Complex networks are heterogeneous data sets appearing in very different domains. Social networks revealing friendships, technical networks describing the internet topology, or biological networks modeling protein interactions constitute only a small sample of examples. Accordingly, algorithmic methods for their analysis are quickly becoming pervasive in science and technology: Node ranking by centrality is the basis for modern web search, community detection methods find application in cancer research, and tracking social influence through networks is interesting to both sociologists and advertisers. As network analysis is a relatively young field at the intersection of several disciplines, one can expect further groundbreaking insights in the future as our theoretical understanding and our computing capabilities increase.
This tutorial introduces major aspects of complex networks and their analysis. In the first part we outline several characteristics of complex networks and discuss algorithmic kernels for finding and assessing these characteristics efficiently. As just two examples, we discuss how to rank nodes according to their importance and cluster vertices into natural groups efficiently for large data sets using parallelism. To this end, we give an introduction to our tool suite NetworKit, which allows fast interactive analytic workflows.
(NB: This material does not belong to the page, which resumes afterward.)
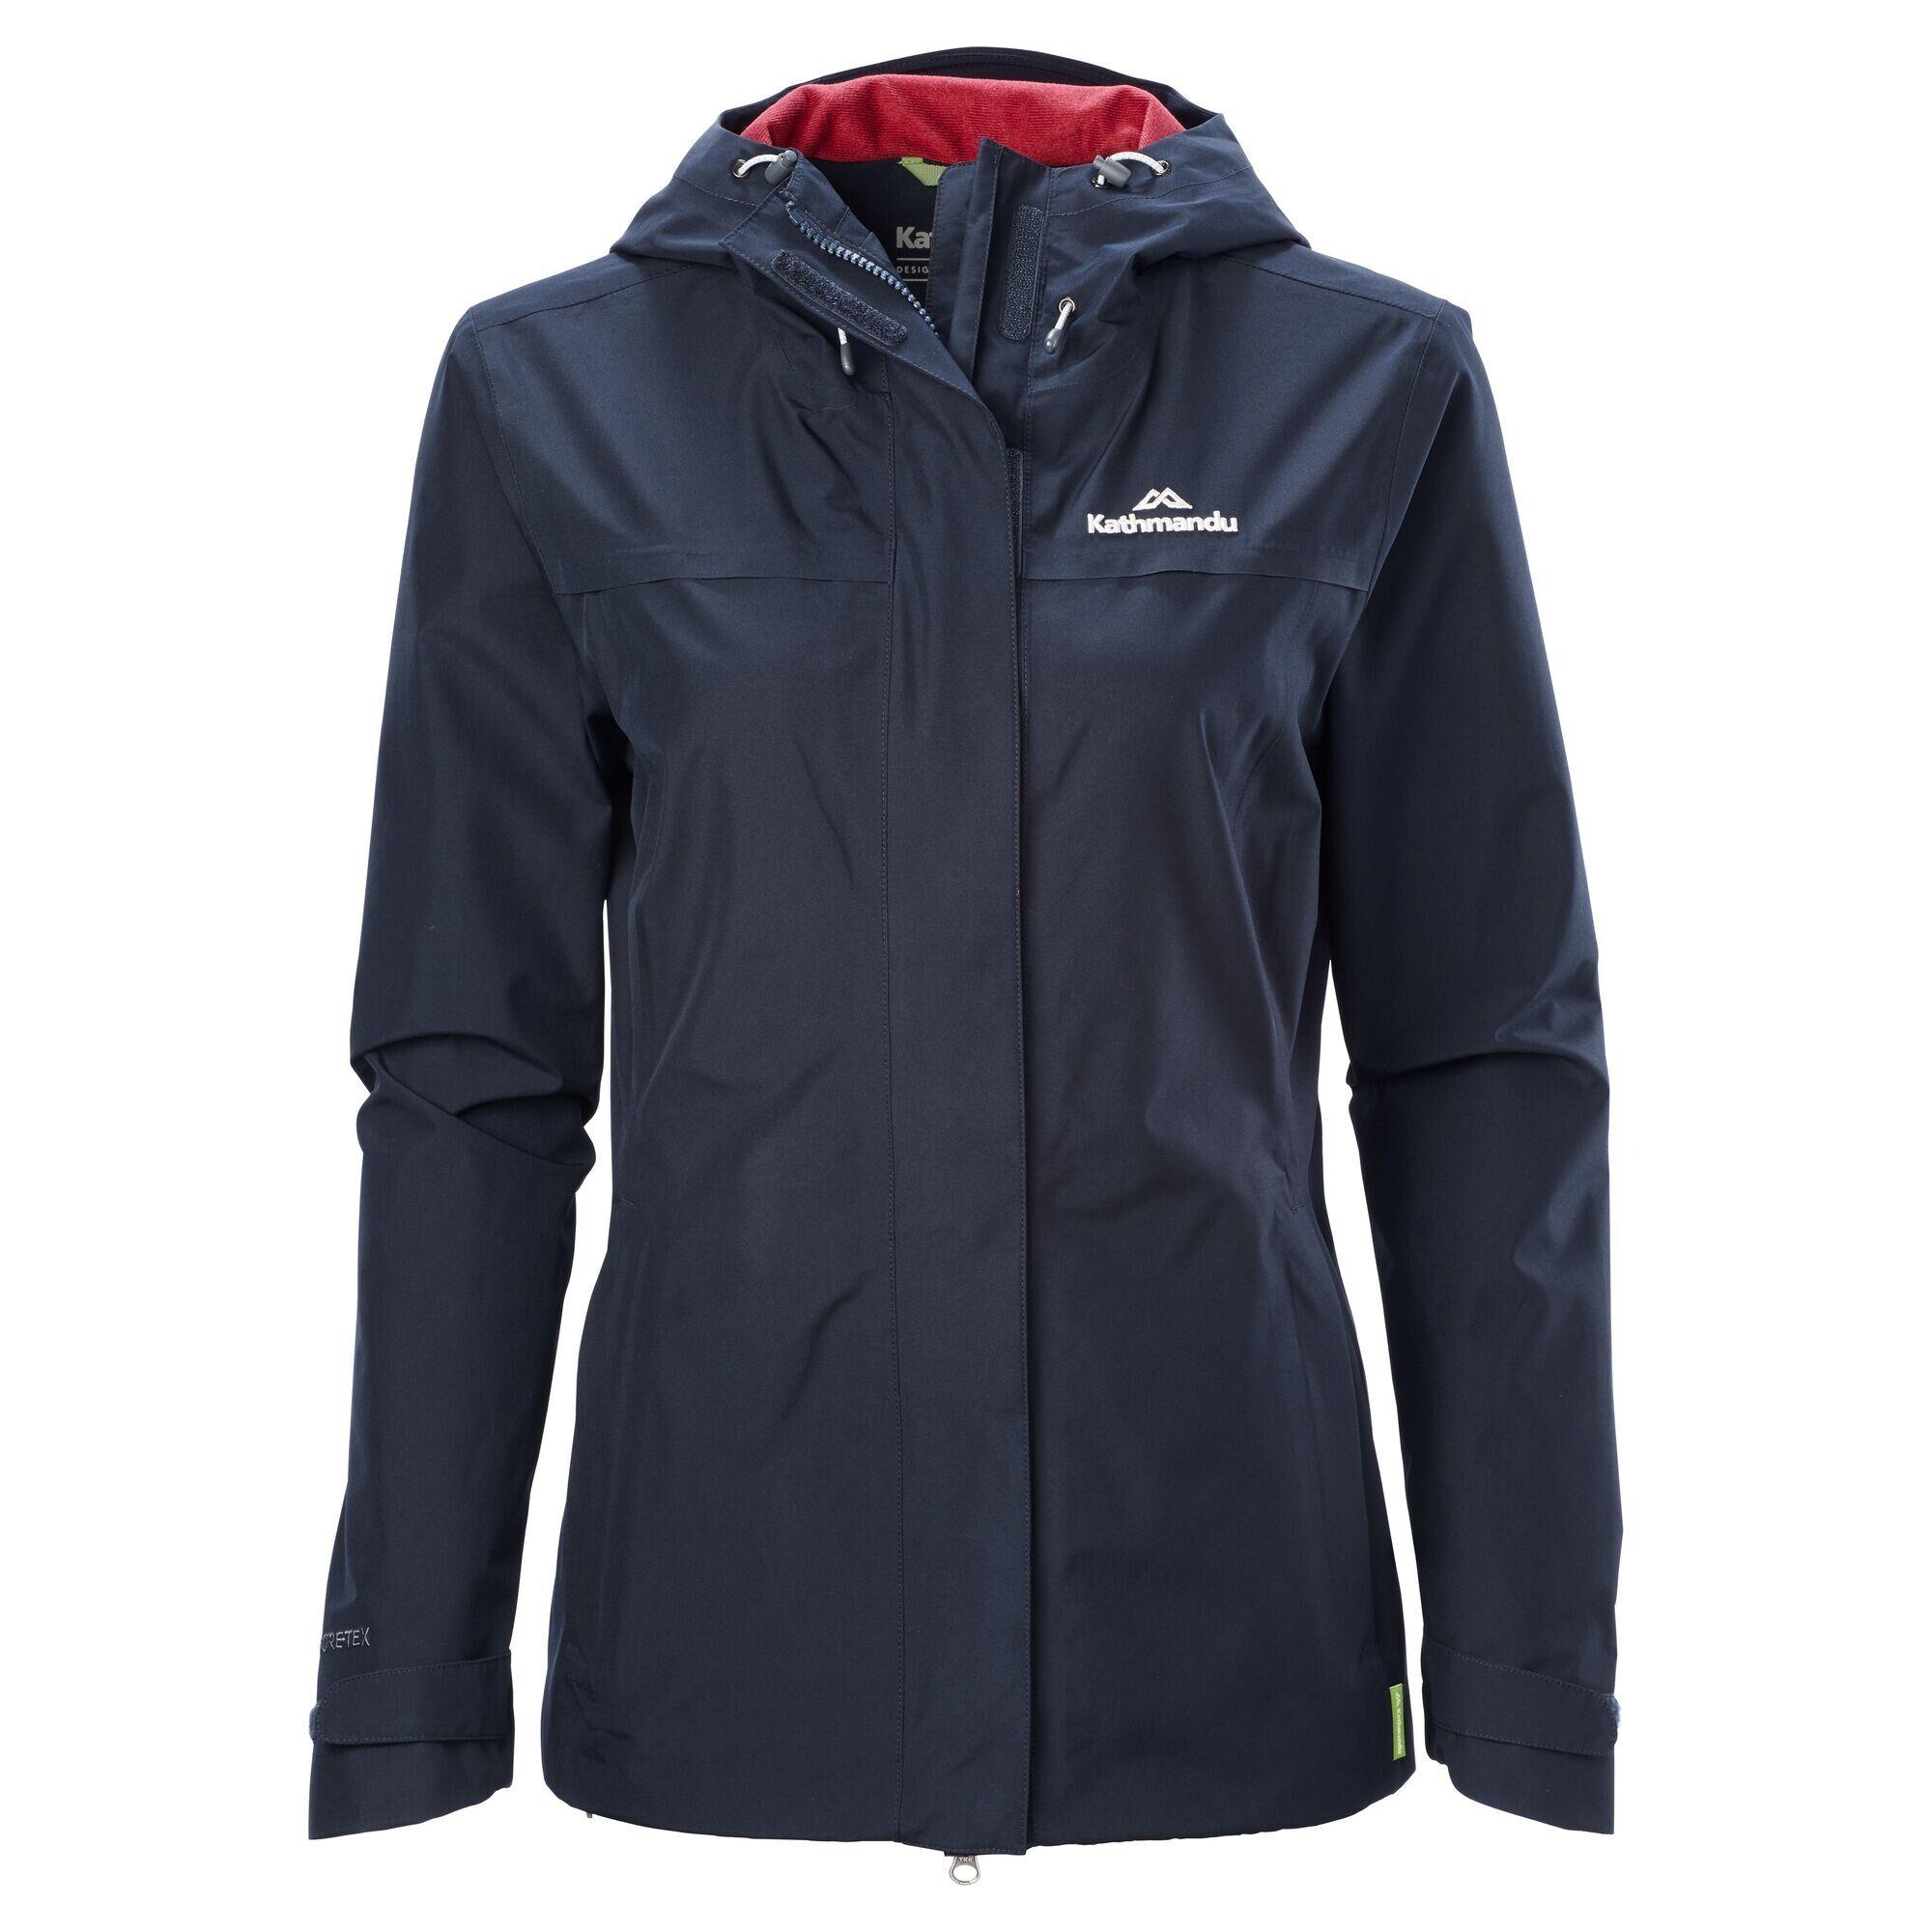 Kathmandu Bealey Women's GORE-TEX Jacket  - Midnight Navy - Size: US 4

In the second part the participants apply the concepts learned during the first part in a hands-on session with NetworKit. They learn how to solve fundamental workflows efficiently with simple Python code executed within their browser and get a glimpse on NetworKit’s C++ backend, the reason for its efficiency.
More information about NetworKit can be found on the toolkit’s website.
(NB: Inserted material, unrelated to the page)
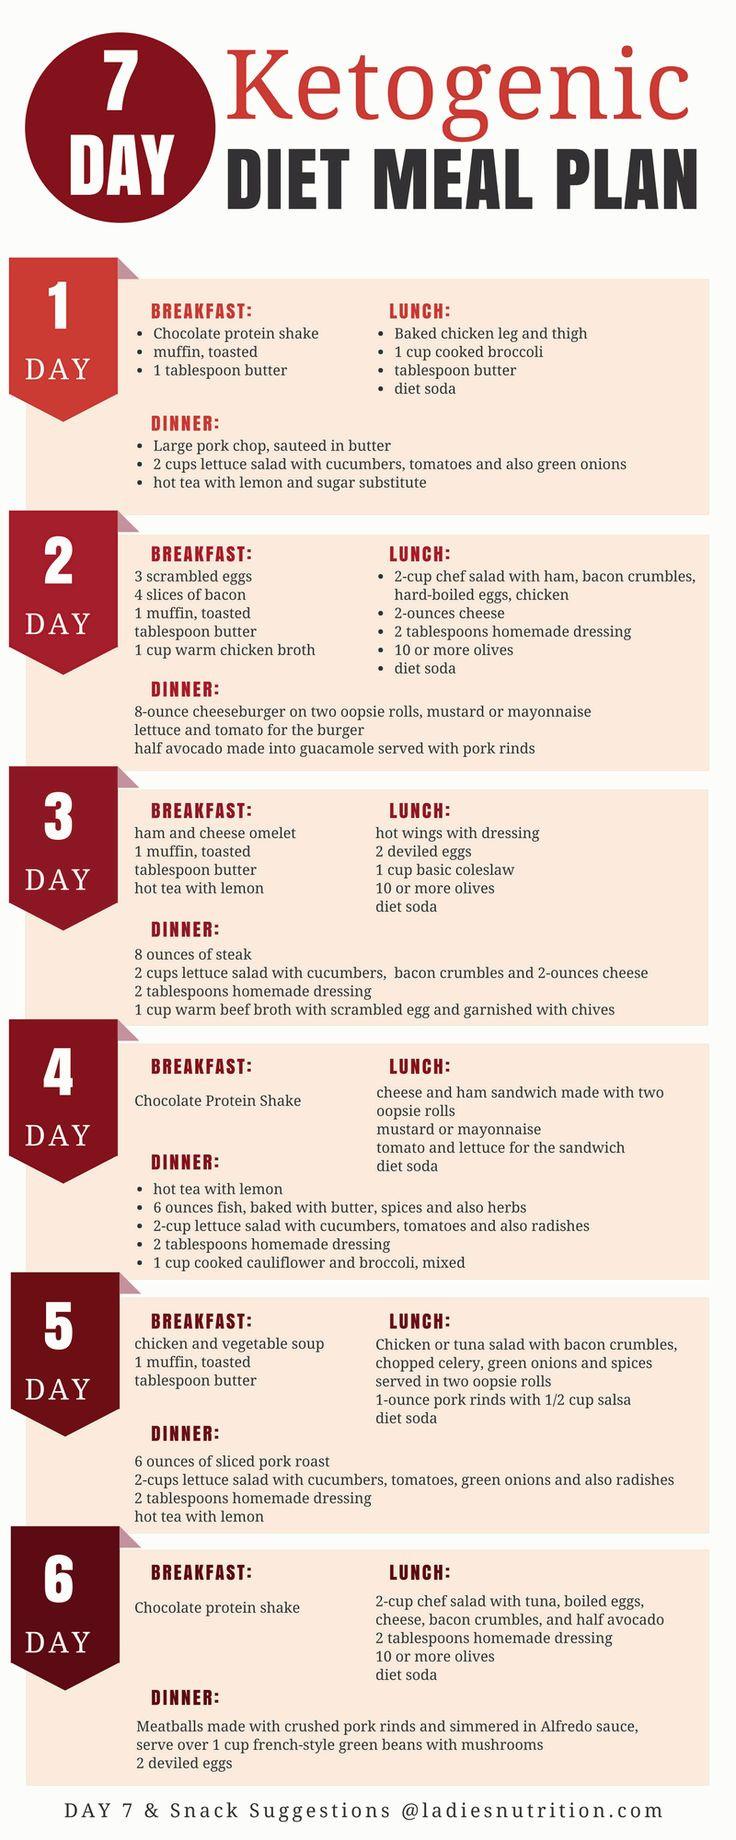 Is The Keto Diet Good For Diabetics Best 25 Ketogenic t ideas on Pinterest

Jun.-Prof. Dr. Henning Meyerhenke
Henning Meyerhenke is an Assistant Professor (Juniorprofessor) at the Institute of Theoretical Informatics at Karlsruhe Institute of Technology, Germany, since October 2011. From October 2010 to September 2011 Henning was a postdoctoral researcher in Georgia Tech’s College of Computing, more precisely in the group headed by Prof. David Bader. Henning received his Diplom degree in Computer Science from Friedrich-Schiller-University Jena, Germany, in 2004 and his Ph.D. (with highest distinction) in Computer Science from the University of Paderborn, Germany, in 2008. After his graduation he was a Research Scientist at NEC Laboratories Europe in Sankt Augustin, Germany, and a Postdoctoral Researcher at the University of Paderborn until September 2010.
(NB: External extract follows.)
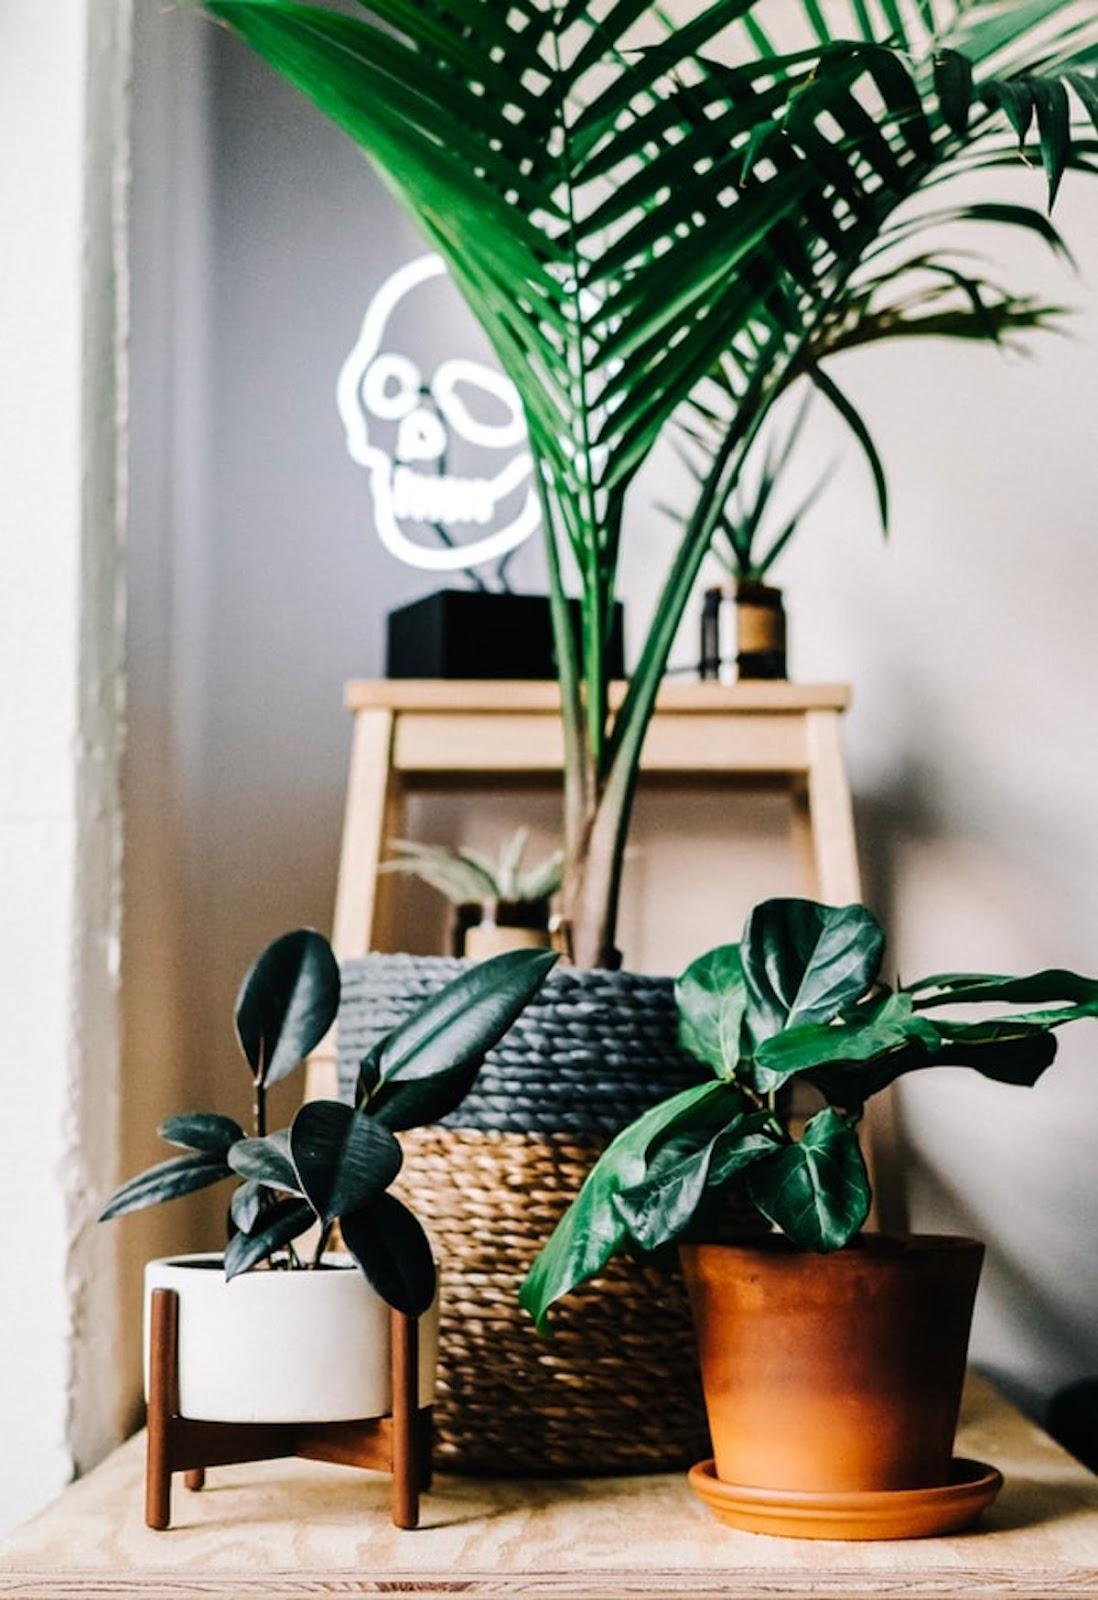 Composición de plantas en escalera

His main research interests are in parallel algorithm engineering for massive data sets in three main application areas: Combinatorial scientific computing (graph partitioning, load balancing, multilevel methods), network analysis (community detection, network metrics in dynamic scenarios, NetworKit library), and in algorithmic problems with connection to the life sciences (such as sequence assembly).
Recently Henning has acquired significant funding by DFG and MWK Baden-Wuerttemberg. Sponsors of smaller grants include YIN of KIT and Pittsburgh Supercomputing Center. Before his current position Henning worked on numerous other projects funded by external sponsors such as DARPA, EU, and DFG. Together with his co-authors, Henning received the Best Algorithms Paper Award at the 22nd IEEE International Parallel and Distributed Processing Symposium (IPDPS’08).
Dipl.-Inform. Christian Staudt
Christian Staudt received his Diplom degree in computer science from Karlsruhe Institute of Technology (KIT) in 2012. He is currently a researcher and PhD candidate in the Parallel Computing Group, Institute of Theoretical Informatics, KIT. His research focuses on developing efficient algorithms and software for the analysis of large complex networks. Beyond that, he is interested in how network analysis methods can enable the study of complex systems in various domains. Christian maintains the open-source software NetworKit with the goal of packaging the results of algorithm engineering research and putting them into the hands of domain experts.